MichaelSnowden · 2022-09-28T18:17:20Z

This just adds the functionality to fetch history tree branches, but it doesn't turn it on.

yiminc

remove test_0928180931_yng

MichaelSnowden · 2022-09-29T22:48:44Z

@dnr , I did some analysis on the different strategies we can use, and I'm now sure that this is the best one for us:

As demonstrated by this script, it's important that we do pagination without offsets, and instead do cursor-based
pagination. Also, it's important that we place columns in our WHERE and ORDER BY queries in the same order as they
are in the primary key index.

SET @num_rows := 10000;
DROP PROCEDURE IF EXISTS generate_fake_data;
CREATE PROCEDURE generate_fake_data()
BEGIN
    DECLARE i INT DEFAULT 0;
    # noinspection SqlWithoutWhere
    DELETE FROM history_tree;
    test_loop :
    LOOP
        IF (i = @num_rows) THEN
            LEAVE test_loop;
        END IF;
        INSERT INTO history_tree
        VALUES (RAND() * 1000, RANDOM_BYTES(16), RANDOM_BYTES(16), '', '');
        SET i = i + 1;
    END LOOP;
END;
CALL generate_fake_data();
SELECT COUNT(*)
FROM history_tree;

-- This is the offset-based approach. You can see that we are using the index, but we still have to
-- iterate over all rows before offset, so this becomes really inefficient towards the end.
EXPLAIN ANALYZE
SELECT shard_id, tree_id, branch_id, data, data_encoding
FROM history_tree
ORDER BY shard_id, tree_id, branch_id
-- OFFSET can't be a variable unfortunately--make sure it's something like half of num_rows
LIMIT 100 OFFSET 5000;

# -> Limit/Offset: 100/5000 row(s)  (cost=262.01 rows=100) (actual time=1.641..1.671 rows=100 loops=1)
#     -> Index scan on history_tree using PRIMARY  (cost=262.01 rows=5100) (actual time=0.020..1.530 rows=5100 loops=1)

-- This is the cursor-based approach.
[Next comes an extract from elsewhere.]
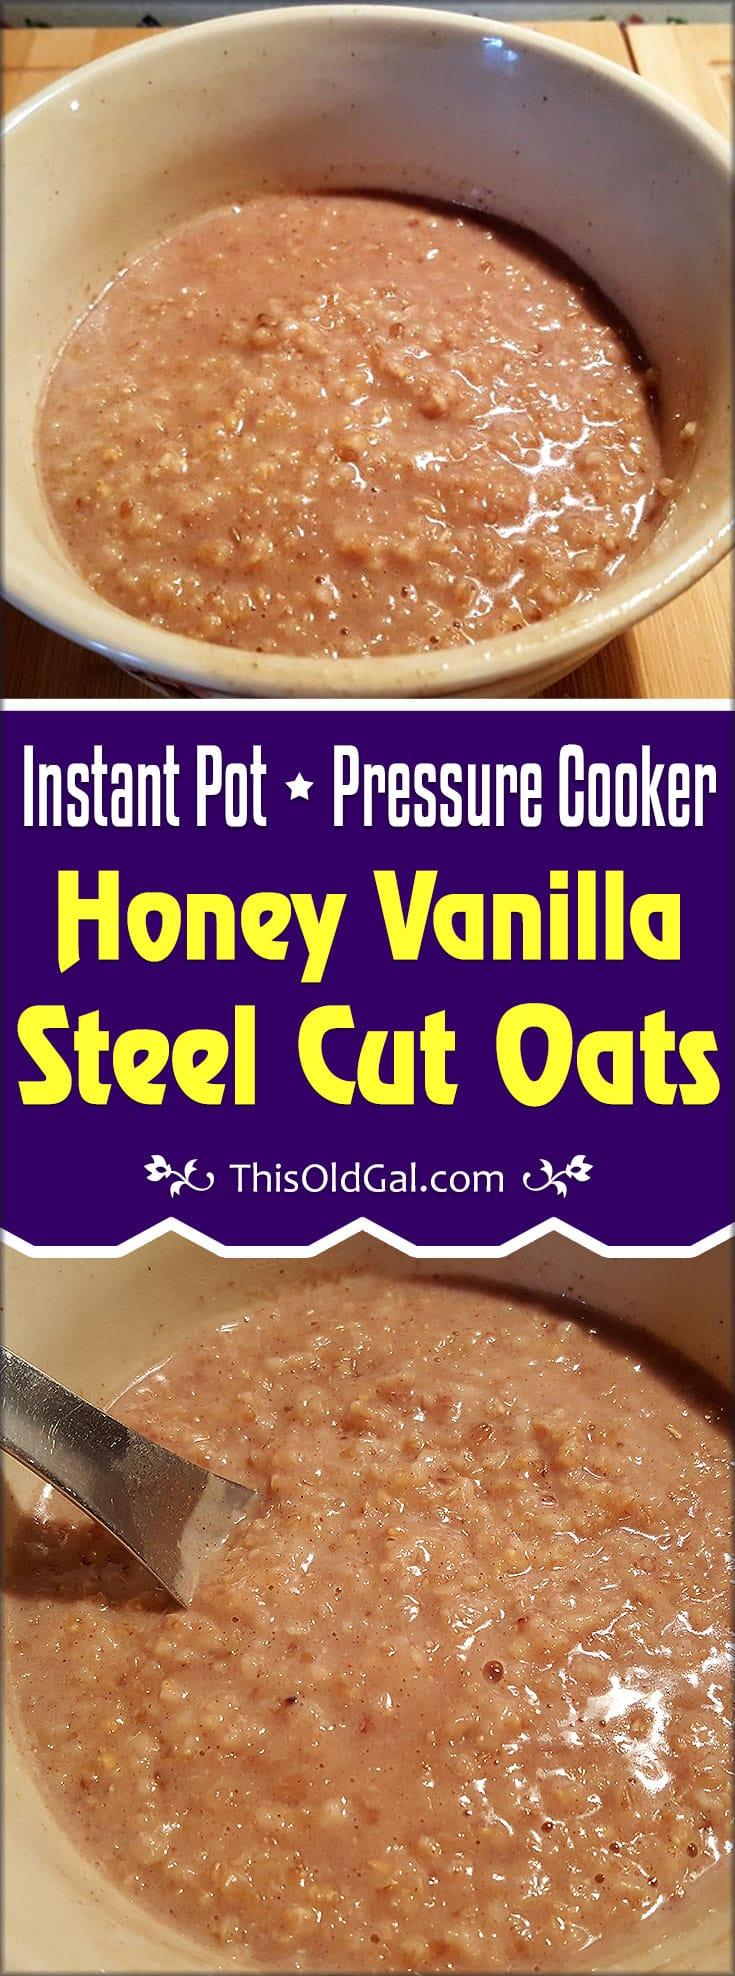 Pressure Cooker Honey Vanilla Steel Cut Oats This Old Gal

You can see that we are using the index and never scanning
-- too many rows.
EXPLAIN ANALYZE
SELECT shard_id, tree_id, branch_id, data, data_encoding
FROM history_tree
WHERE (shard_id, tree_id, branch_id) > (RAND(), RANDOM_BYTES(16), RANDOM_BYTES(16))
ORDER BY shard_id, tree_id, branch_id
LIMIT 100;

# -> Limit: 100 row(s)  (cost=0.14 rows=100) (actual time=0.026..0.063 rows=100 loops=1)
#     -> Filter: ((history_tree.shard_id,history_tree.tree_id,history_tree.branch_id) > (rand(),random_bytes(16),random_bytes(16)))  (cost=0.14 rows=100) (actual time=0.024..0.056 rows=100 loops=1)
#         -> Index scan on history_tree using PRIMARY  (cost=0.14 rows=100) (actual time=0.019..0.047 rows=103 loops=1)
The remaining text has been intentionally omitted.